DHL Global Forwarding USA in recent years has also moved to increase its share of the medical business, CEO David Goldberg told TT. He noted the company has eight cold-chain facilities in the U.S., including a new center in Indianapolis that opened in July. In 2015, it opened a 430,000-square-foot facility at Chicago’s O’Hare Airport.

The company’s facilities feature super cold storage freezers and improved technology to track packages and specific truck-loading docks and equipment for temperature-sensitive packages, he said, adding that he expects the process of delivering the vaccine to ramp up in the next six months.

“There won’t be a billion doses on day one. It will be produced over a period of time,” Goldberg said. “But we have all of the pieces in place to support the transport in terms of the capacity and the people. People need the vaccines, but I think it will be doable. We are trained and ready for this.”

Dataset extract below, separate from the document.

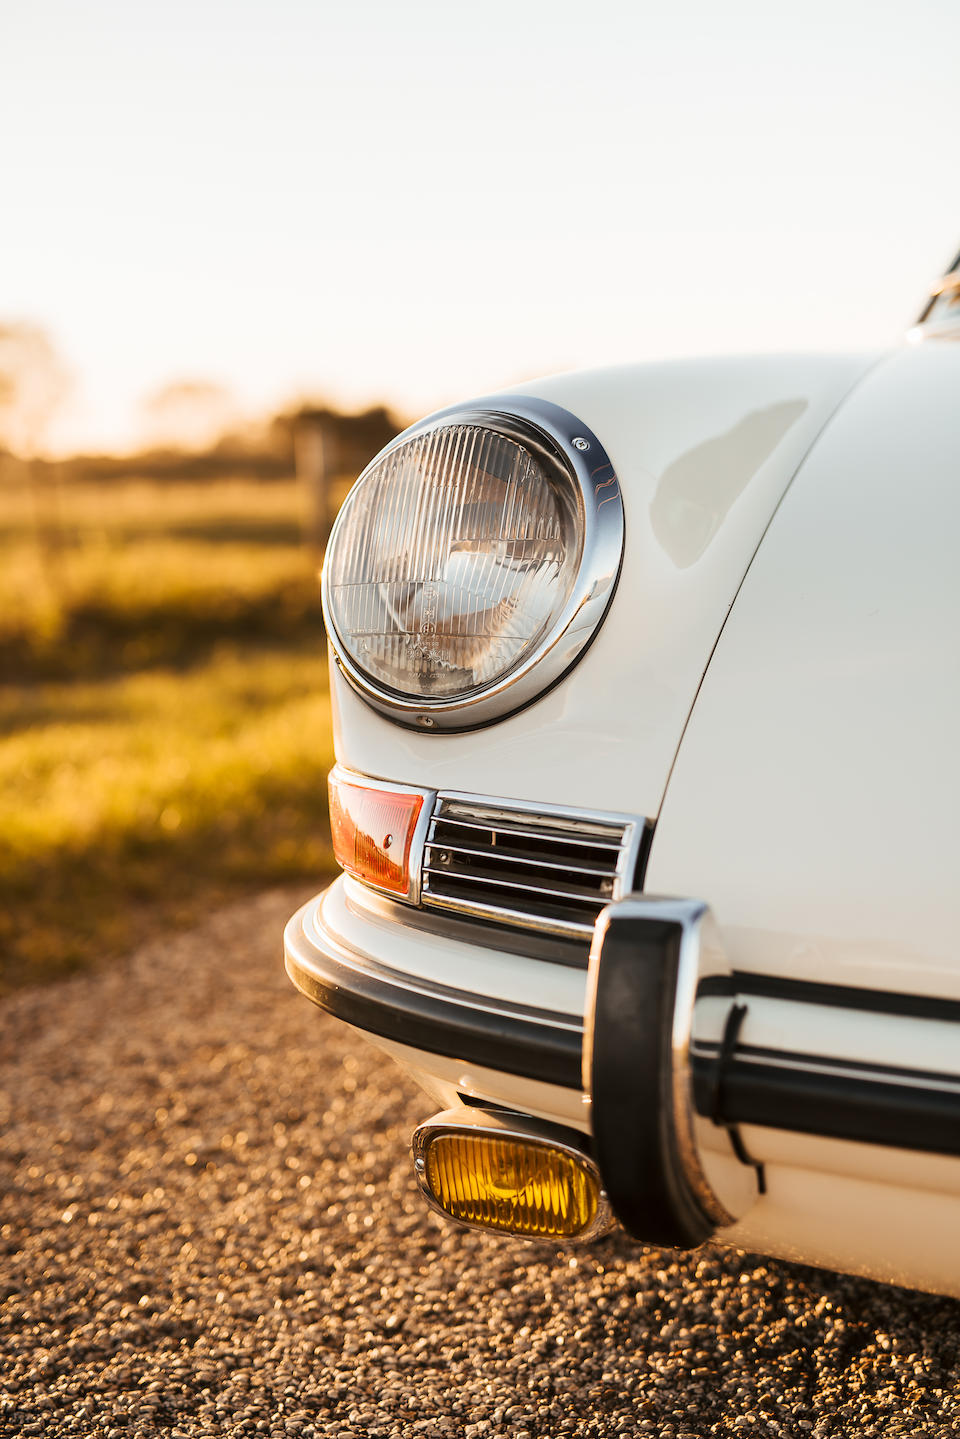 <B>1967 PORSCHE  911S 2.0 COUPE<br /></B><BR />Chassis no. 306131S<BR />Engine no. 961094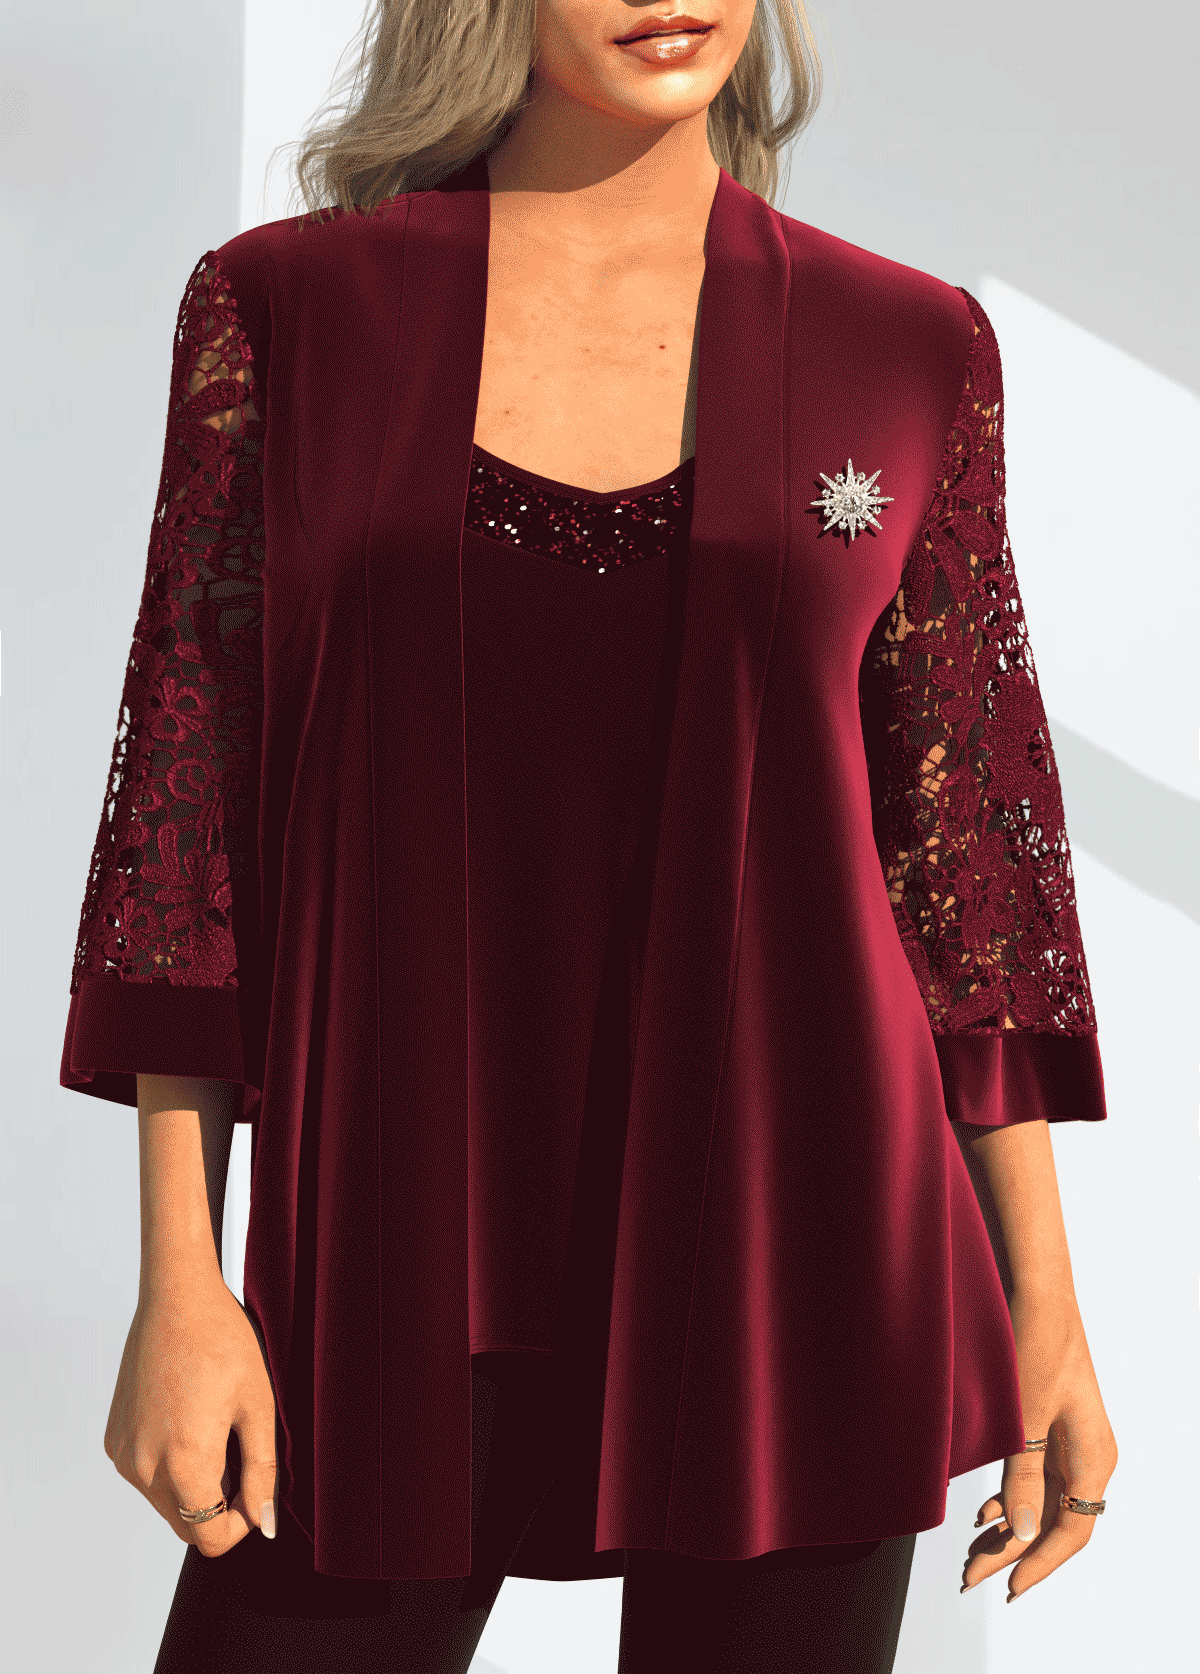 Lace Stitching 3/4 Sleeve Red Coat and Camisole Top

Goldberg noted DHL is staying in contact with its existing life science and pharmaceutical customers as work on a vaccine progresses.

“We just continue to stay close to them,” he said. “When and if they’re ready to move things, we’ll be ready.”

UPS ranks No. 1 on the Transport Topics Top 100 list of the largest for-hire carriers in North America and No. 2 on the Transport Topics Top 50 list of the largest logistics companies in North America.

FedEx ranks No. 2 on the for-hire TT100 and No. 15 on the TT Top 50.

Deutsche Post DHL Group, parent company of DHL Global Forwarding USA, ranks No. 6 on the Transport Topics Top 50 list of the largest global freight carriers.